Properly used one kg nitrogen in fertilizer (energy cost 35 MJ) gives at least
30 kg dry biomass (practical energy content about 12 MJ per kg). This means an
amplification of about a factor 10, marginally. If we upgrade this bioenergy to
refined biogas there is still an amplification factor of 4-5.
Phosphorus.
Phosphorus
in the soil.
A normal
Swedish soil contains 1 -2 tons of phosphorus in the top soil layer. In Sweden
the P-AL method is used for estimation of ”available phosphorus” and P-HCl for
”reserves”. These fractions are in certain equilibrium. In addition there is still less soluble phosphorus in minerals and in soil organic
mattter.
Long term
experiments give evidence about the soil P dynamics. Here is an example from the soil fertility experiment Orup in
South Sweden.
The
treatments are as follows:
A. Without
P
B.
Replacement of exports according to analyses.
C. R + 15
kg P/hectare and year.
D. R + 30
kg P/hectare and year
A
comprehensive soil analysis was made after 27 years. We know that D has
received 810 kg P more than B and C 405 more than B. The export from A is about
400 . What do we find?
The
following figures are expressed as kg/hectare in the topsoil. Order: Organic P,
Reserves, Available and Sum.
A: 989,820,50, sum 1850
B:
1040,860,100, sum 2000
C: 1040,
1060, 200, sum 2300
D: 1060,
1260, 320, sum 2640.
In D, 810
had been added compared to B, 220 is found in Available, 400 in reserves and 20
in Organic, sum 640. Some would have been brought to the subsoil by rroots.

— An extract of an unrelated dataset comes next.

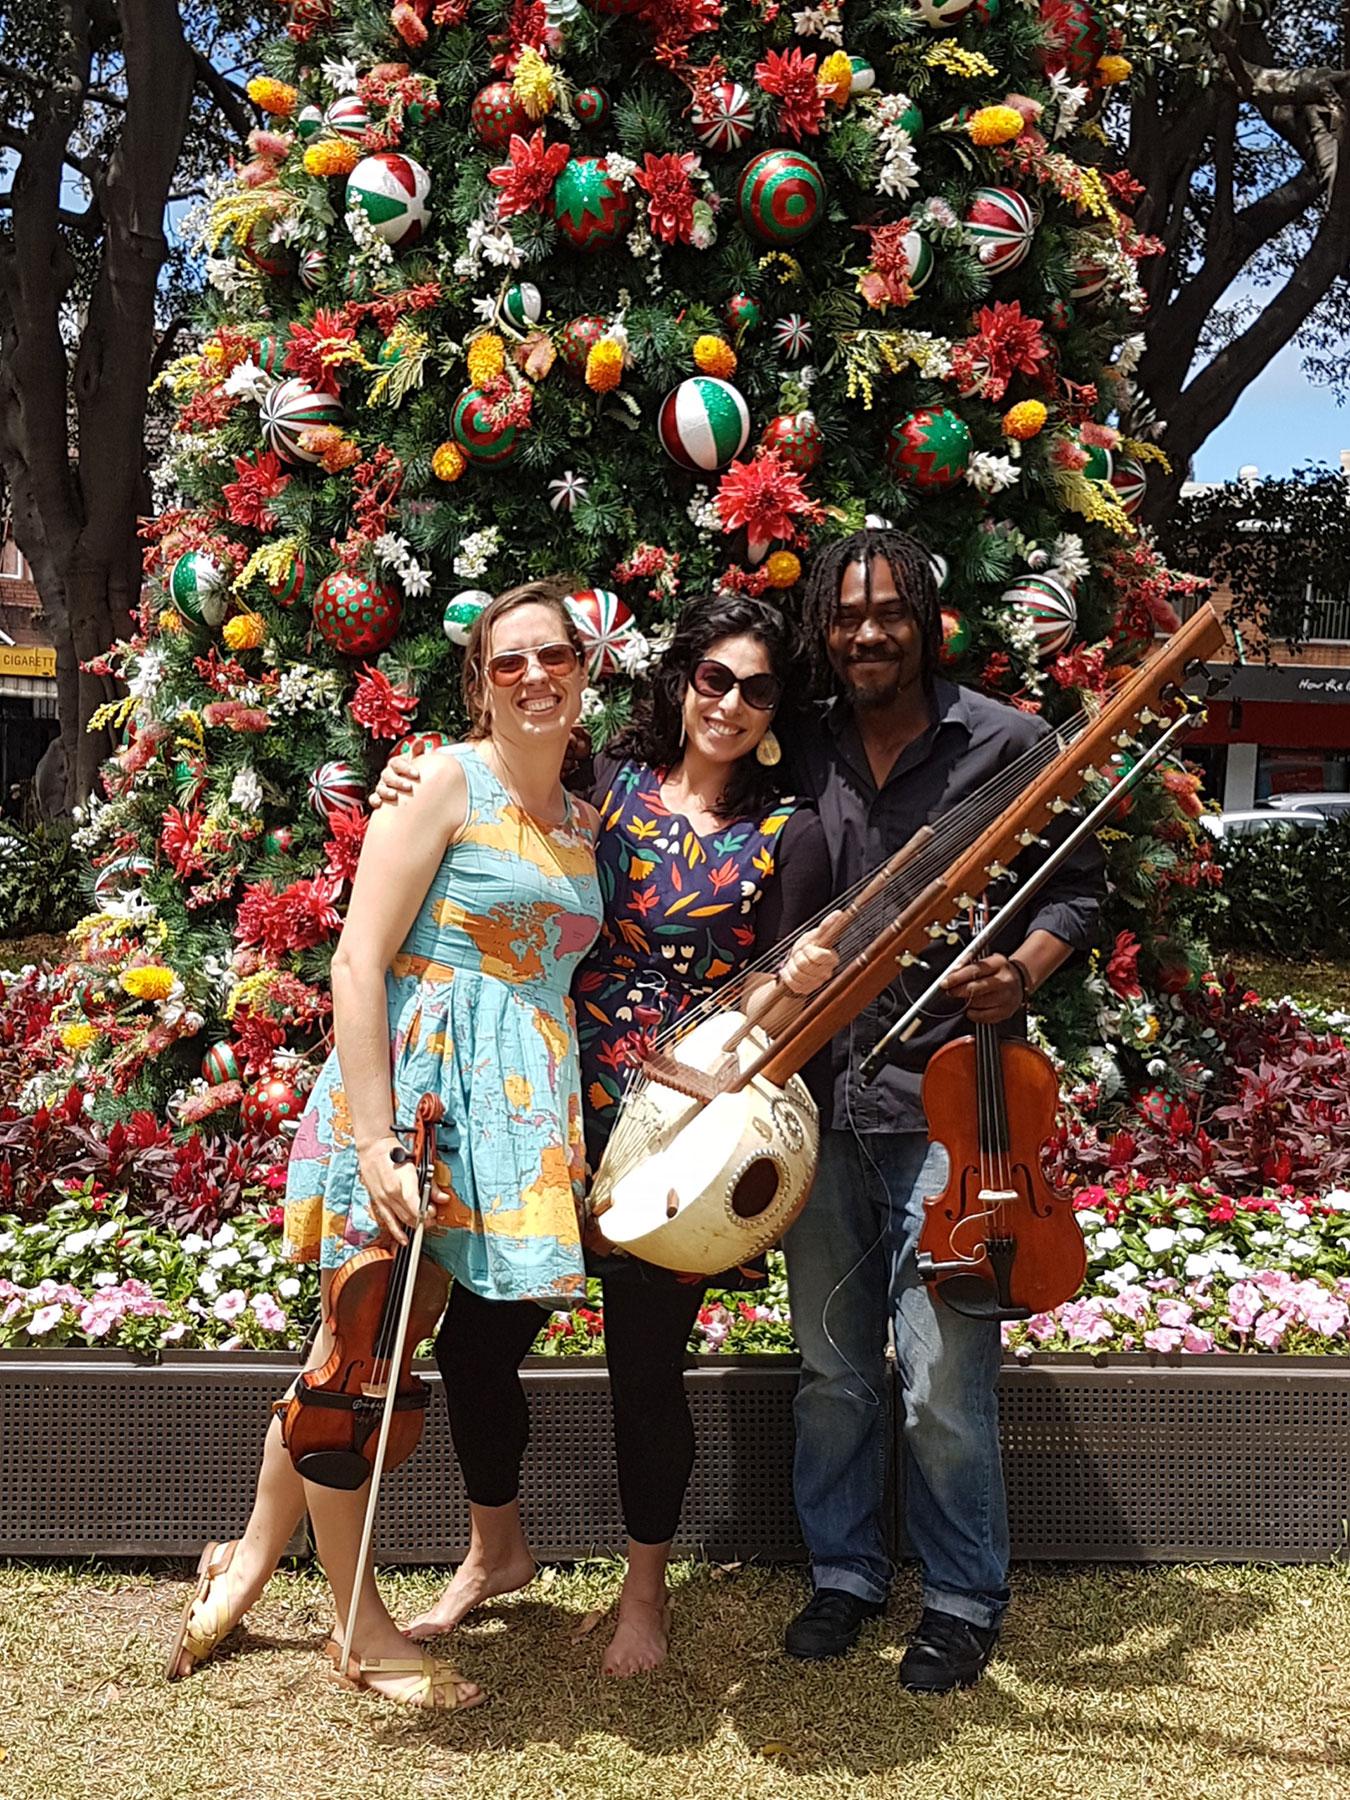 sydney-village-pop-up-music-program-margot-natoli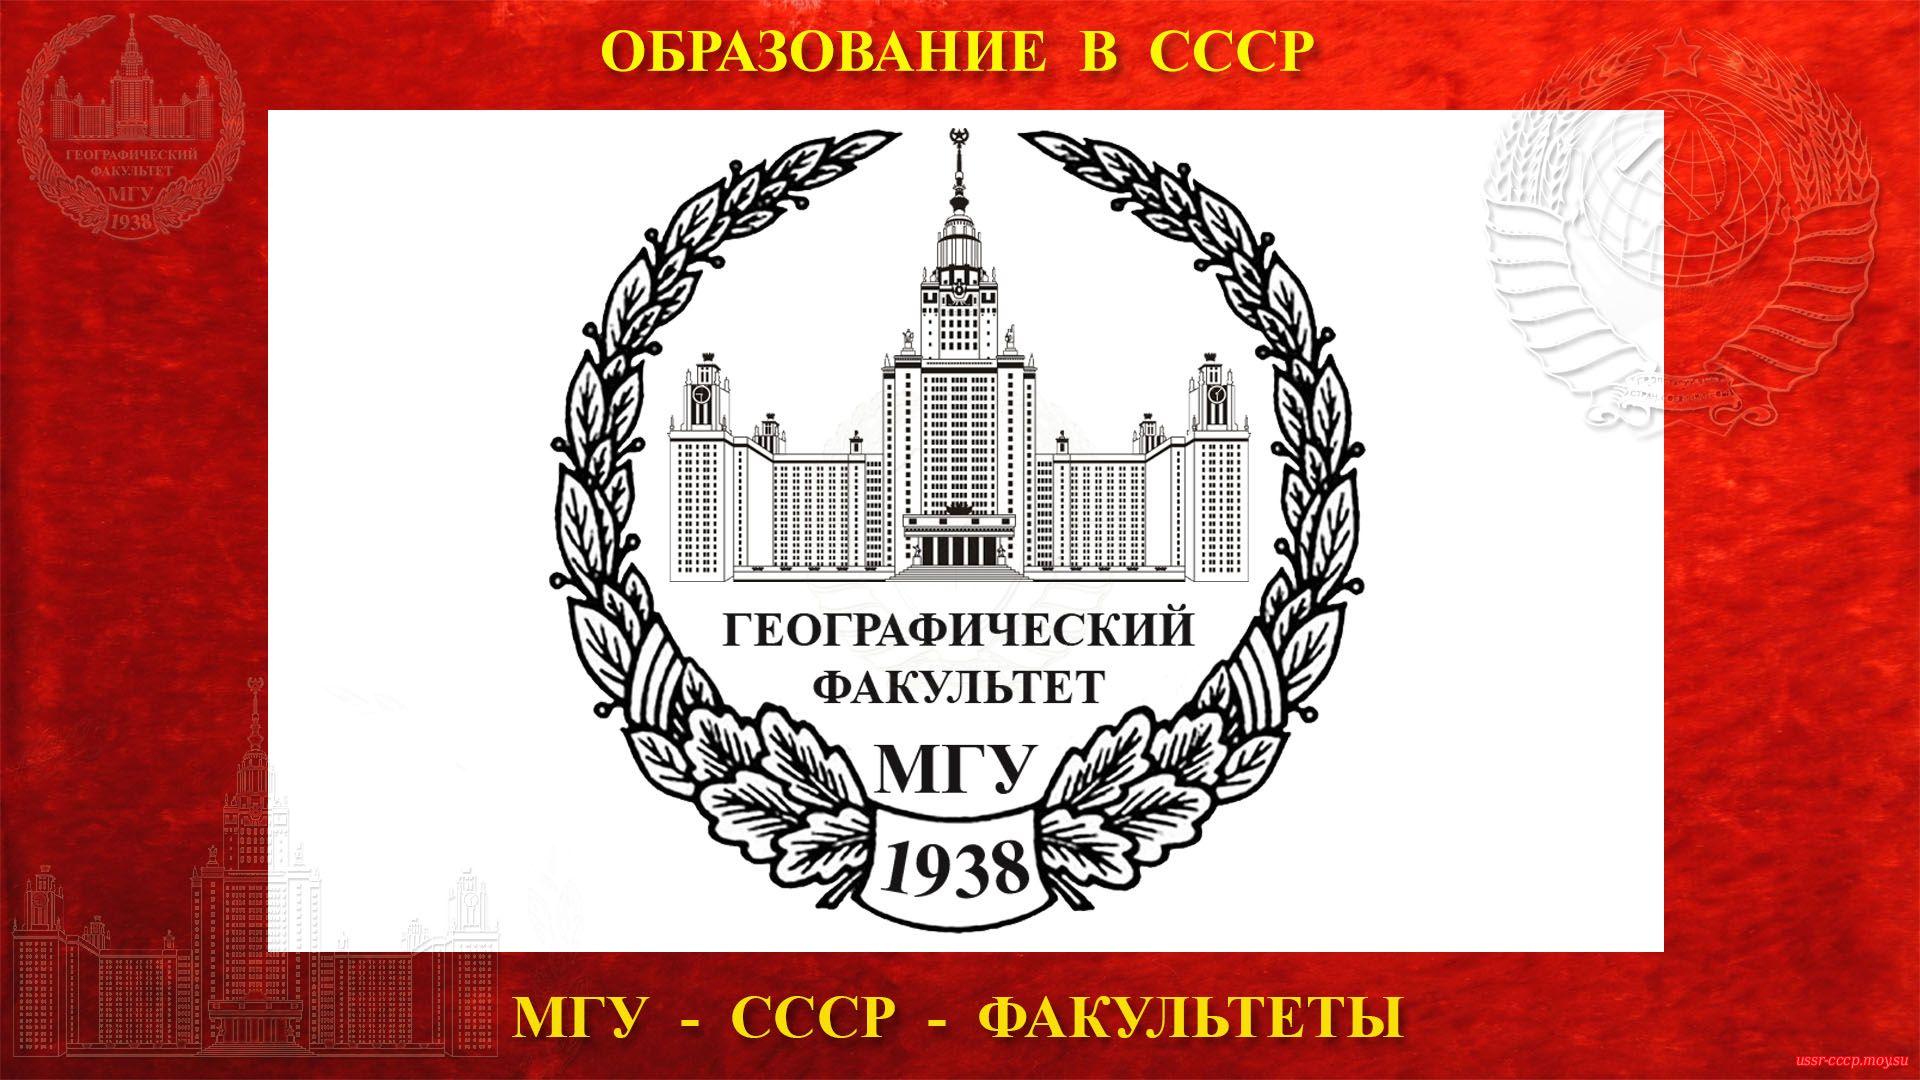 Географический факультет МГУ — (23.07.1938)

There are of course uncertainties in soil sampling, soil density estimation and
analysis, but the main conclusions are crystal clear.
We see an
interaction between Reserves and Available. The reserves are truly active, take
care of surpluses and deliver when needed.
Leaching
and other losses? The mean phosphorus loss from Swedish agricultural soils is
0.3 kg per hectare and year. In 27 years that would mean less than 10 kg, to be
compared with the figures above. These losses are unimportant for the soil and
agriculture but have a large influence on water bodies.
This
picture seems to be normal for most soils. We can use the reserves as a buffer,
consider the phosphorus fertililization over a rotation period and apply were
most efficient.
Phosphorus
to the crop.
A good crop
takes up about 25 kg P, and as we discussed above there is more than a ton in
the topsoil only. In addition there are considerable amounts of P in most
subsoils. Why is it necessary to add P in fertilizers? But experiments, also
the Orup experiment we discussed above, show high yield increases for
fertilizer P. It is not the total amount that matters, it is the availability
which in Sweden is estimated by the AL method.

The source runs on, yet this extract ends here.